From: Chandan Babu R <chandanrlinux@gmail.com>
To: Dave Chinner <david@fromorbit.com>
Cc: linux-xfs@vger.kernel.org
Subject: Re: [PATCH 5/8] xfs: CIL checkpoint flushes caches unconditionally
Date: Wed, 24 Feb 2021 12:46:18 +0530 [thread overview]
Message-ID: <87v9aiorzx.fsf@garuda> (raw)

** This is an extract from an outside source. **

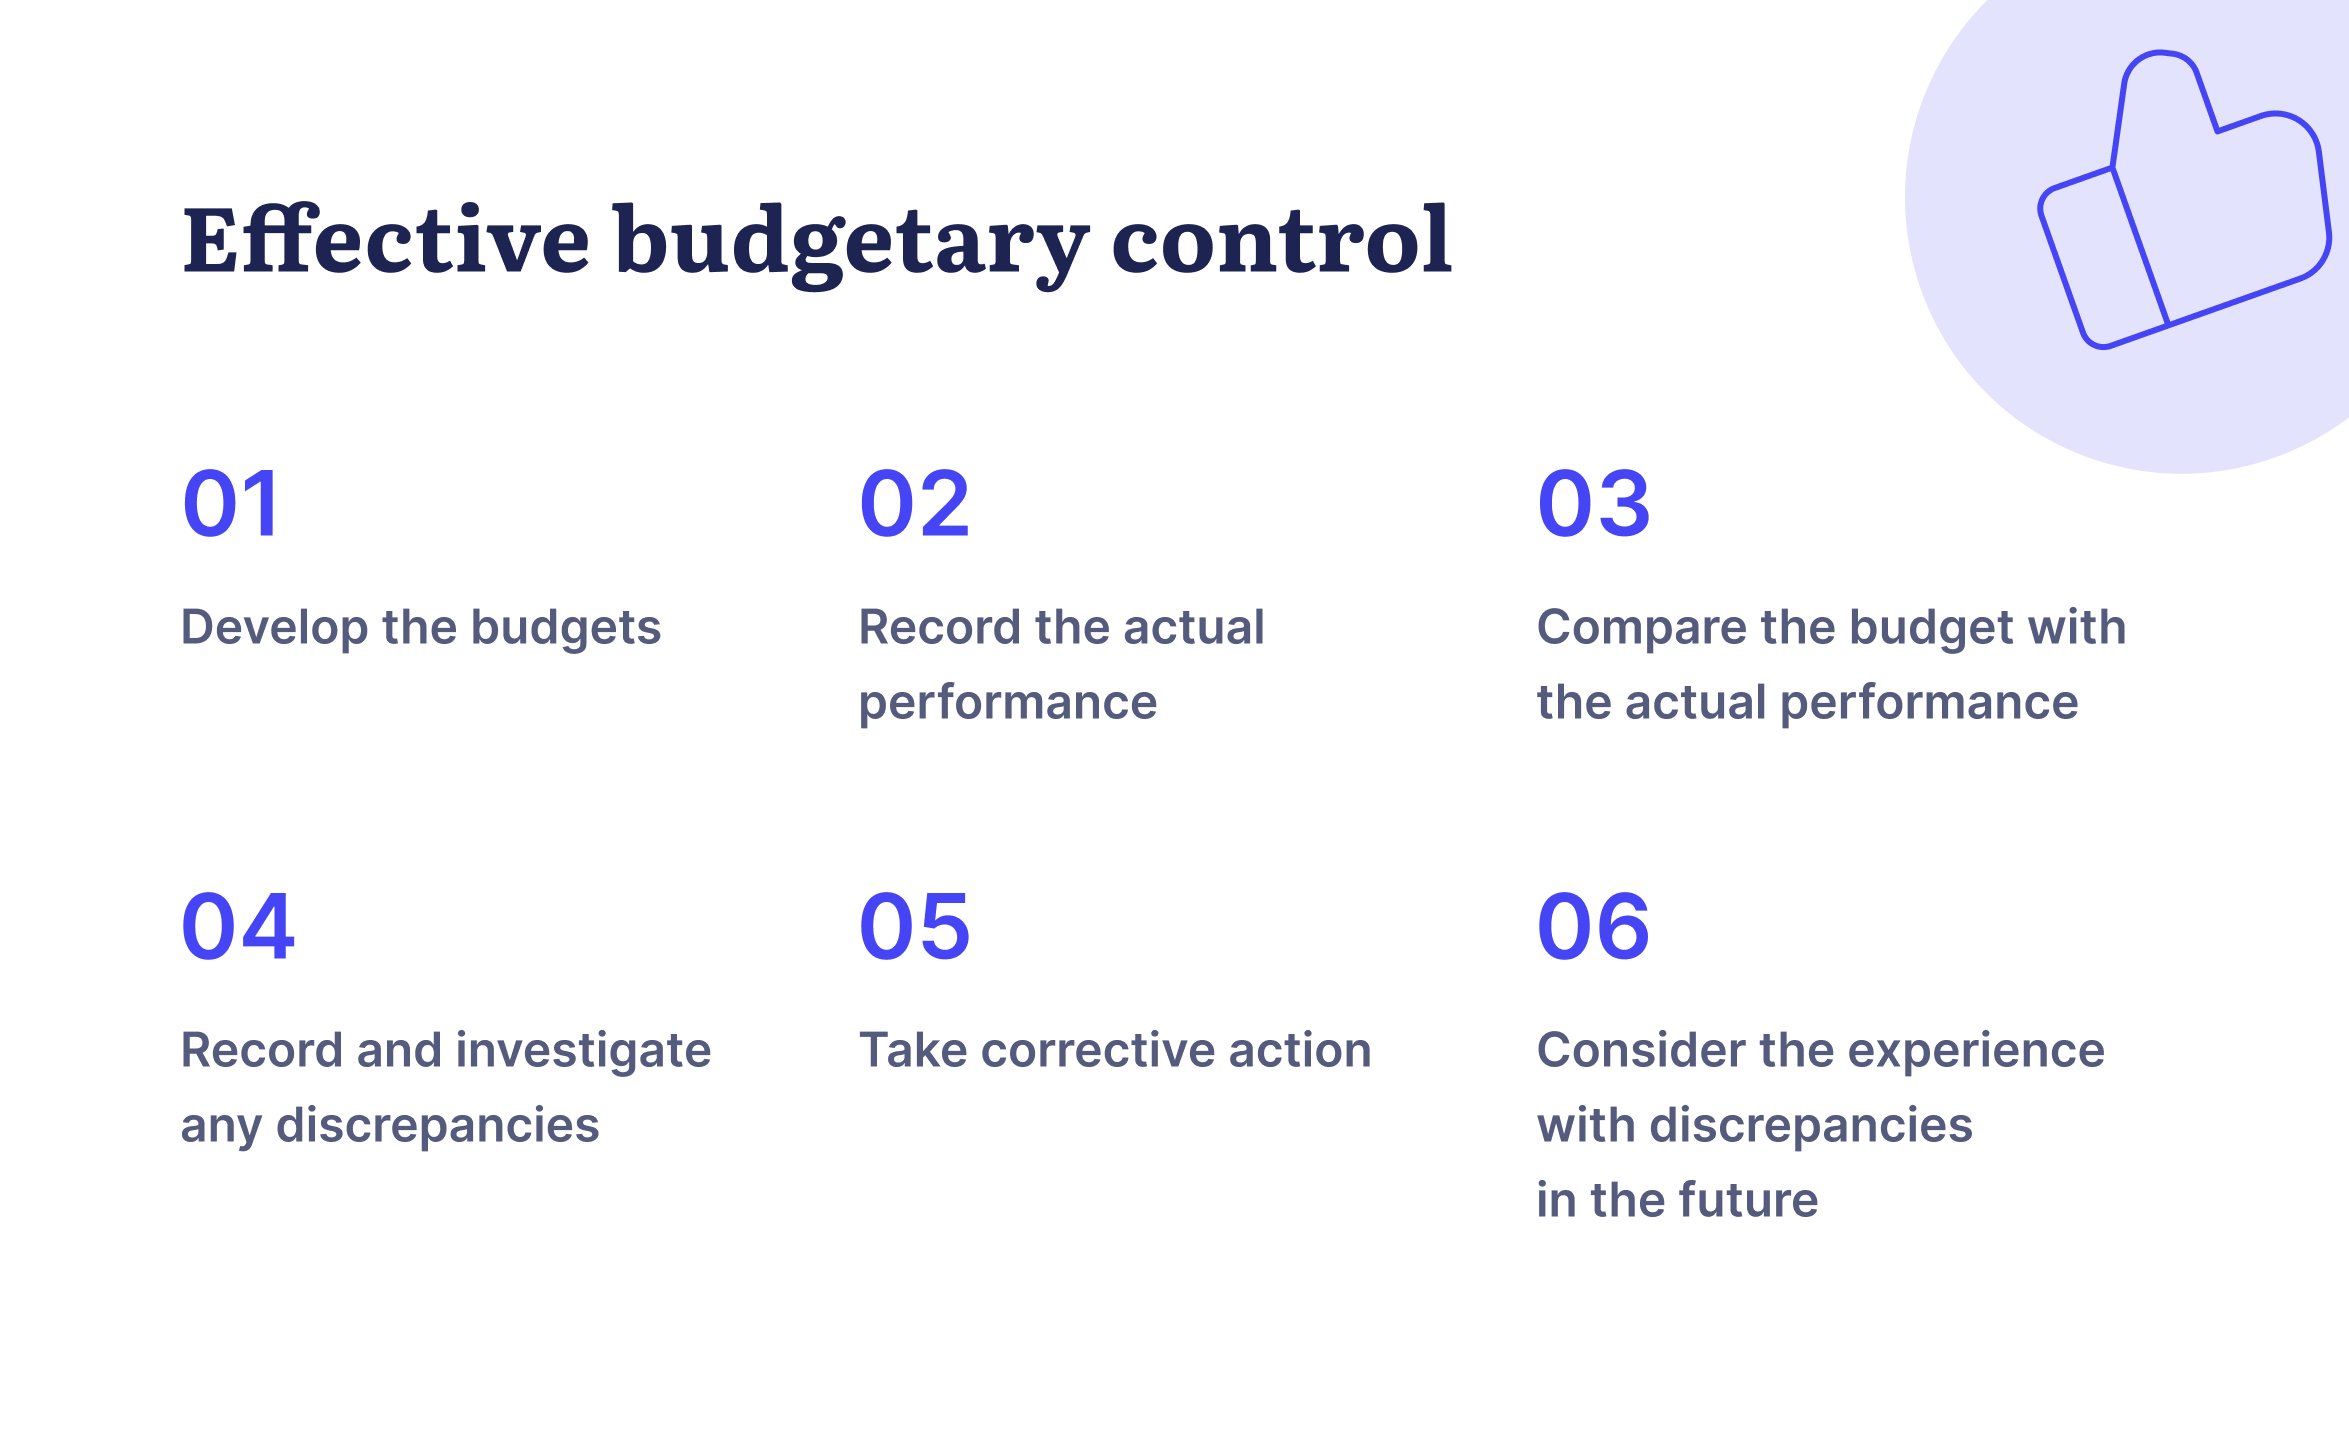 steps of effective budgetary control

In-Reply-To: <20210223033442.3267258-6-david@fromorbit.com>
On 23 Feb 2021 at 09:04, Dave Chinner wrote:
> From: Dave Chinner <dchinner@redhat.com>
>
> Currently every journal IO is issued as REQ_PREFLUSH | REQ_FUA to
> guarantee the ordering requirements the journal has w.r.t. metadata
> writeback. THe two ordering constraints are:
>
> 1. we cannot overwrite metadata in the journal until we guarantee
> that the dirty metadata has been written back in place and is
> stable.
>
> 2. we cannot write back dirty metadata until it has been written to
> the journal and guaranteed to be stable (and hence recoverable) in
> the journal.
>
> These rules apply to the atomic transactions recorded in the
> journal, not to the journal IO itself. Hence we need to ensure
> metadata is stable before we start writing a new transaction to the
> journal (guarantee #1), and we need to ensure the entire transaction
> is stable in the journal before we start metadata writeback
> (guarantee #2).
>
> The ordering guarantees of #1 are currently provided by REQ_PREFLUSH
> being added to every iclog IO. This causes the journal IO to issue a
> cache flush and wait for it to complete before issuing the write IO
> to the journal. Hence all completed metadata IO is guaranteed to be
> stable before the journal overwrites the old metadata.
>
> However, for long running CIL checkpoints that might do a thousand
> journal IOs, we don't need every single one of these iclog IOs to
> issue a cache flush - the cache flush done before the first iclog is
> submitted is sufficient to cover the entire range in the log that
> the checkpoint will overwrite because the CIL space reservation
> guarantees the tail of the log (completed metadata) is already
> beyond the range of the checkpoint write.
>
> Hence we only need a full cache flush between closing off the CIL
> checkpoint context (i.e. when the push switches it out) and issuing
> the first journal IO. Rather than plumbing this through to the
> journal IO, we can start this cache flush the moment the CIL context
> is owned exclusively by the push worker. The cache flush can be in
> progress while we process the CIL ready for writing, hence
> reducing the latency of the initial iclog write. This is especially
> true for large checkpoints, where we might have to process hundreds
> of thousands of log vectors before we issue the first iclog write.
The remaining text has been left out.